Tels étaient les passe-temps de l’émigration, ses joies et ses souffrances. Jusque-là, du moins, un immense espoir rendait légères de trop réelles privations. On croyait à un heureux avenir, à un prochain retour en France ; on armait, on exerçait les troupes. Si Coblentz était la cour, Worms était le camp. Dans l’un et l’autre endroit, on bravait, on défiait la révolution; on discutait des plans de campagne, des projets de marche sur l’Alsace, la Flandre et Paris, dont la réalisation devait se combiner avec les soulèvemens du Midi, docile à la voix des organisateurs du camp de Jalès. «Nous étions proscrits, écrivait-on à l’électeur de Trêves, et vos bienfaits nous ont créé une nouvelle patrie. » On tenait un langage analogue à Catherine, à l’empereur, au roi de Prusse, à Gustave III, dont les représentans accrédités auprès des princes se plaisaient à entretenir les illusions des émigrés, en disant comme eux que la révolution ne durerait pas.
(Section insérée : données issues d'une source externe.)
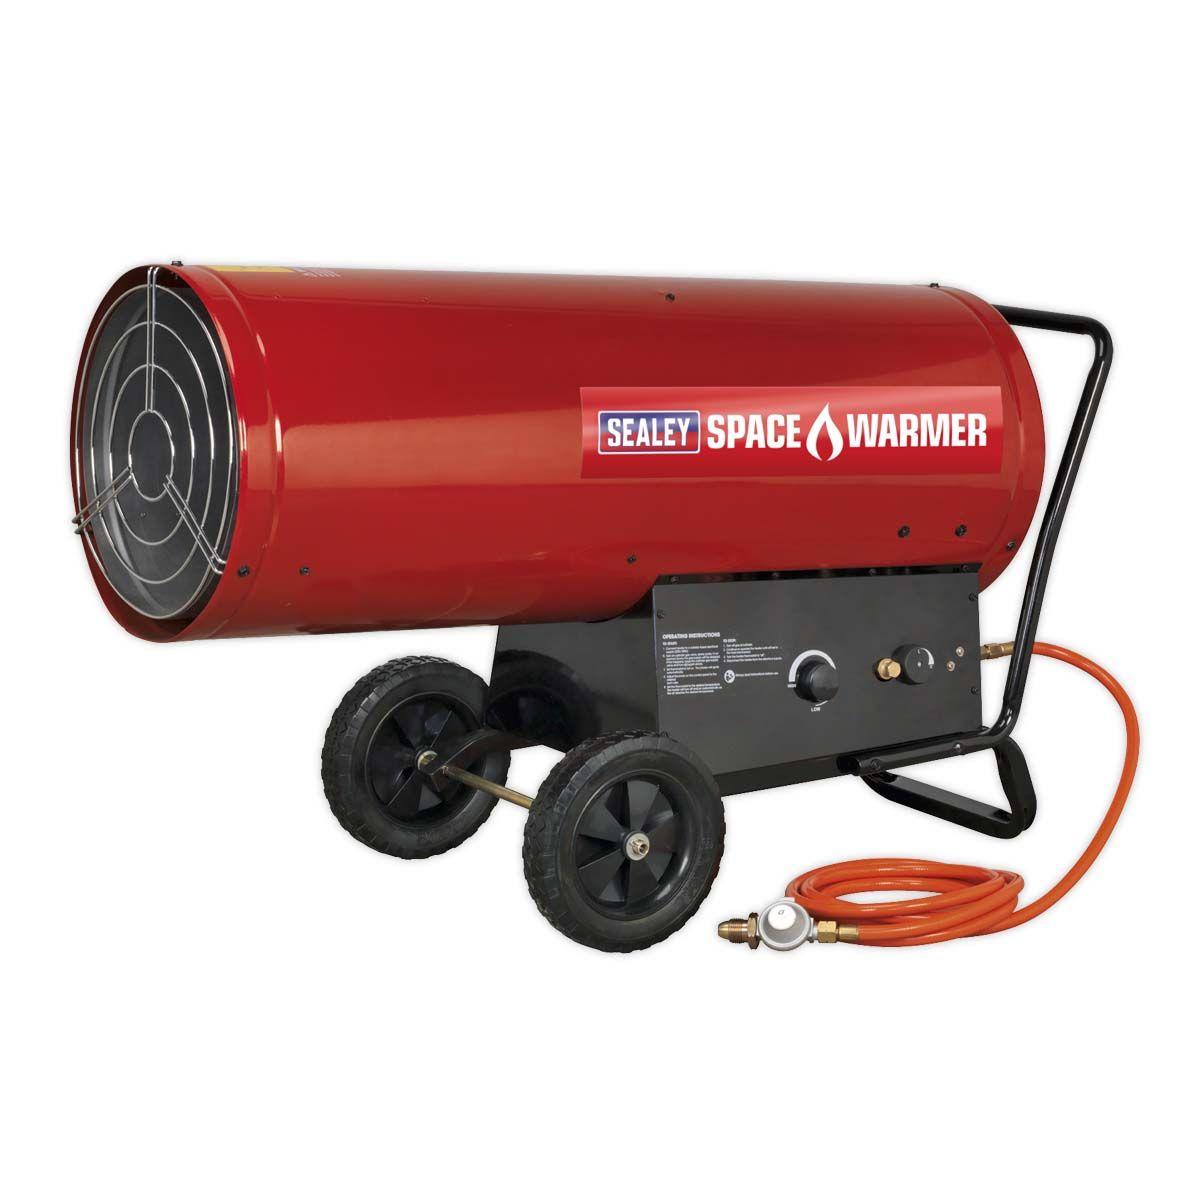 Sealey LP401 Space Warmer 400,000 Btu Propane Heater

Plus tard, quand, après la campagne de l’Argonne et la retraite de Brunswick, l’armée des émigrés aura été licenciée, la misère étendra sa main sur eux; avec elle apparaîtra le lugubre cortège des maux qu’elle engendre. Expulsés de la plupart des villes qui leur avaient accordé l’hospitalité, les émigrés, après avoir tenté en vain de rentrer dans leur patrie, devront travailler pour vivre ou pâtir faute de travail. Les uns deviendront la proie des usuriers; les autres souffriront le froid et la faim. On en verra, las de se plaindre, se rendre le service de s’ôter mutuellement la vie, se percer le cœur ou tomber brisés au milieu de quelque grande route couverte de neige. Il en est même qui se feront voleurs pour se nourrir. A Liège, à Aix, à Cologne, leur détresse sera si lamentable que les habitans de ces villes craindront de les voir se livrer au brigandage et iront jusqu’à accuser quelques-uns de ces malheureux de vouloir piller l’abbaye de Siegbourg.
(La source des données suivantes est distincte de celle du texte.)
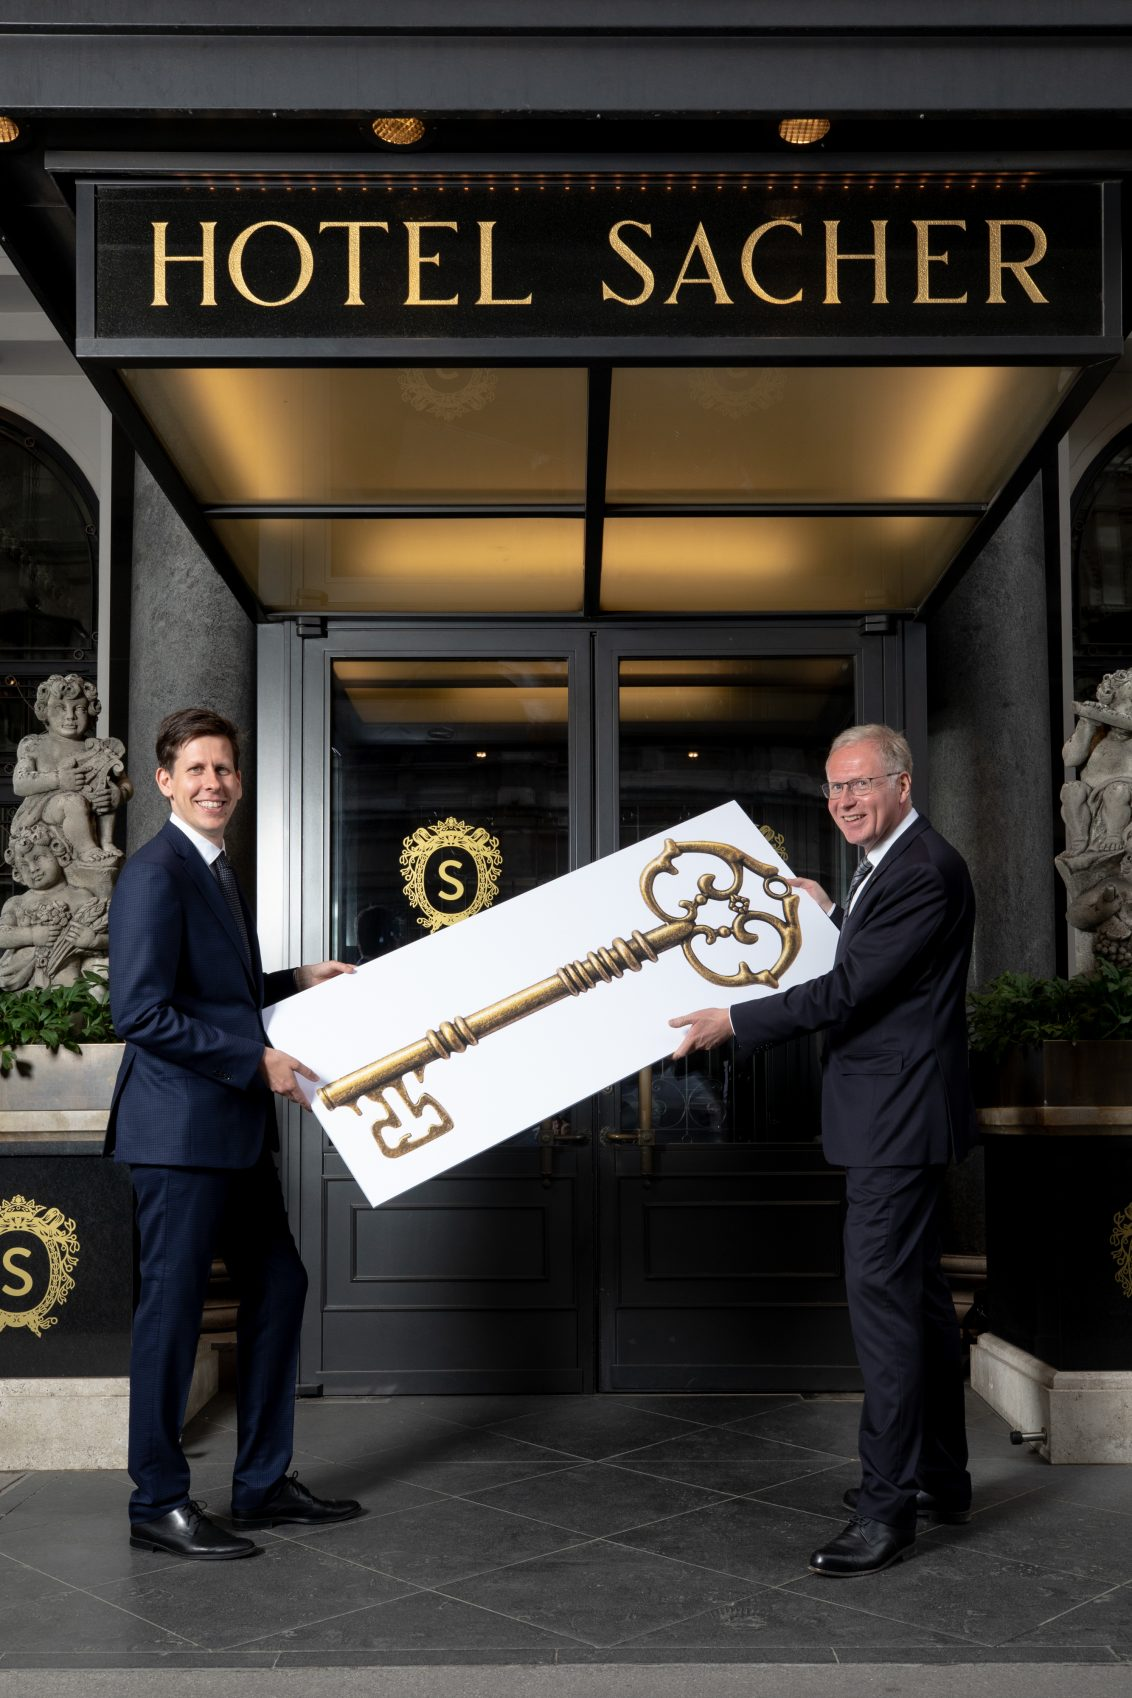 Hotel Sacher Hoteldirekrot

Les princes et les grands n’échapperont pas à ces amers destins. A Dusseldorf, le comte d’Artois se verra menacé par un marchand de chevaux d’être arrêté et incarcéré pour dettes; les domestiques du prince de Condé l’abandonneront en emportant ses effets, « pour se payer de ce qui leur est dû, » et parmi tant de misères, s’élèvera ce cri enregistré par un contemporain : « Si quelque historien fait un jour le récit de tout ce que nous avons souffert, la postérité prendra ce récit pour un roman. »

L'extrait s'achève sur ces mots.